Accelerating Inference for Pretrained Language Models by Unified Multi-Perspective Early Exiting

Conditional computation algorithms, such as the early exiting (EE) algorithm, can be applied to accelerate the inference of pretrained language models (PLMs) while maintaining competitive performance on resource-constrained devices. However, this approach is only applied to the vertical architecture to decide which layers should be used for inference. Conversely, the operation of the horizontal perspective is ignored, and the determination of which tokens in each layer should participate in the computation fails, leading to a high redundancy for adaptive inference. To address this limitation, a unified horizontal and vertical multi-perspective early exiting (MPEE) framework is proposed in this study to accelerate the inference of transformer-based models.

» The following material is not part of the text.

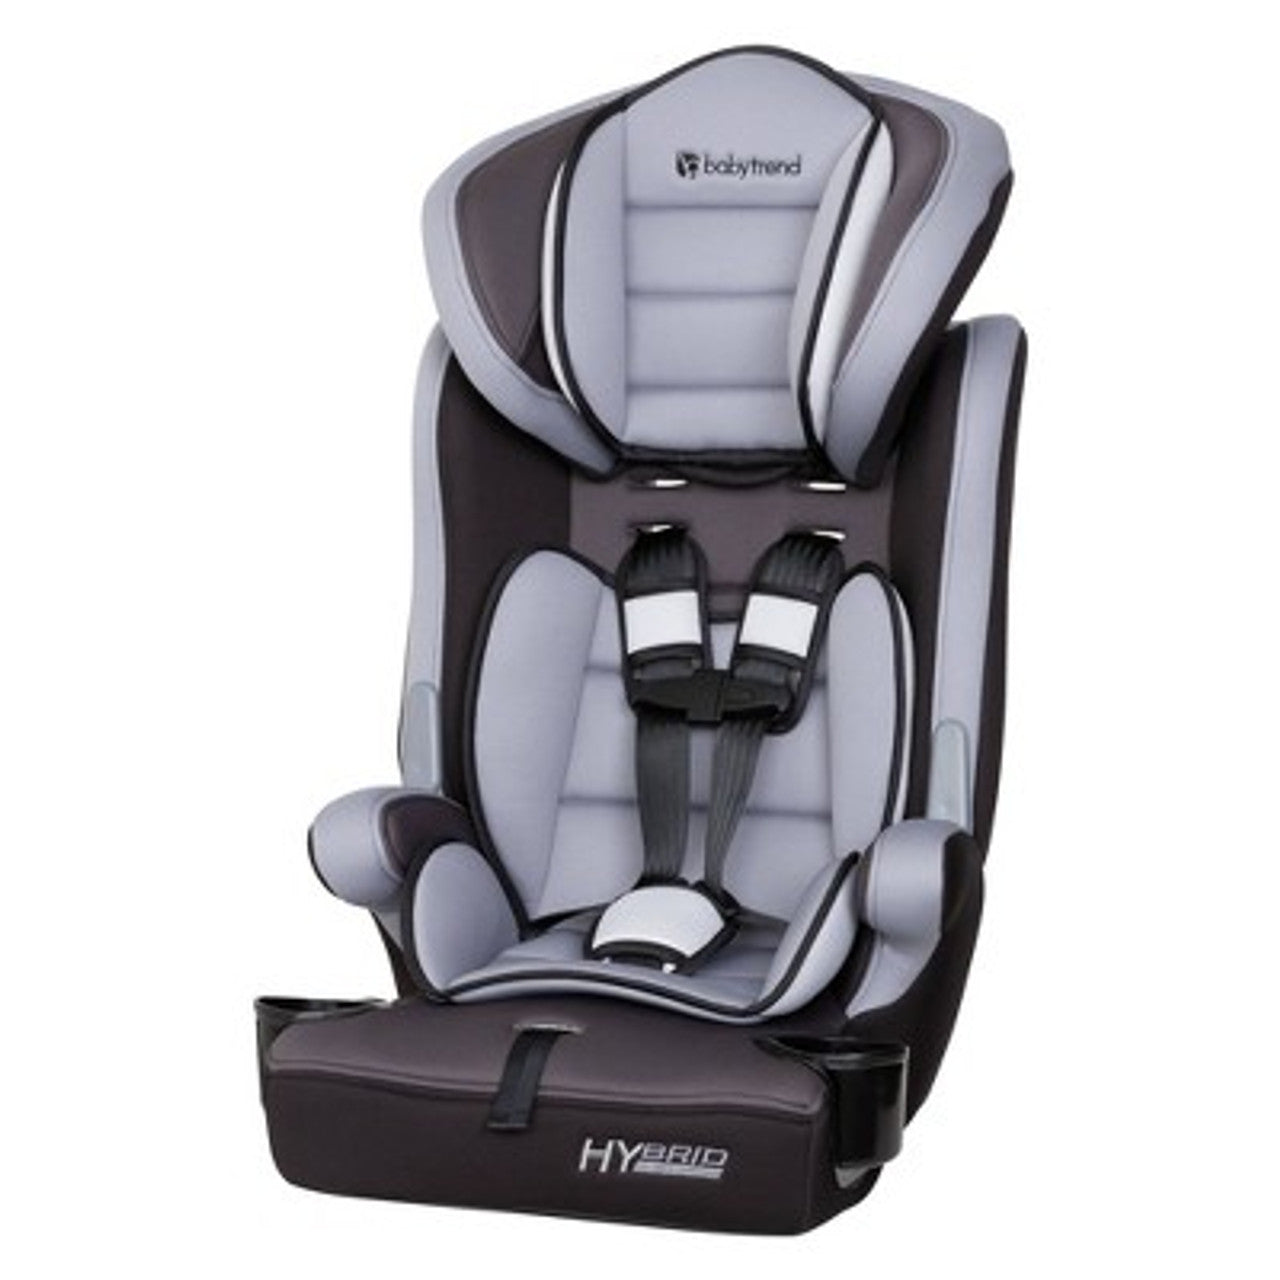 New - Baby Trend Hybrid 3-in-1 Combination Booster Car Seat - Diesel Gray

Specifically, the vertical architecture uses recycling EE classifier memory and weighted self-distillation to enhance the performance of the EE classifiers. Then, the horizontal perspective uses recycling class attention memory to emphasize the informative tokens. Conversely, the tokens with less information are truncated by weighted fusion and isolated from the following computation. Based on this, both horizontal and vertical EE are unified to obtain a better tradeoff between performance and efficiency. Extensive experimental results show that MPEE can achieve higher acceleration inference with competent performance than existing competitive methods.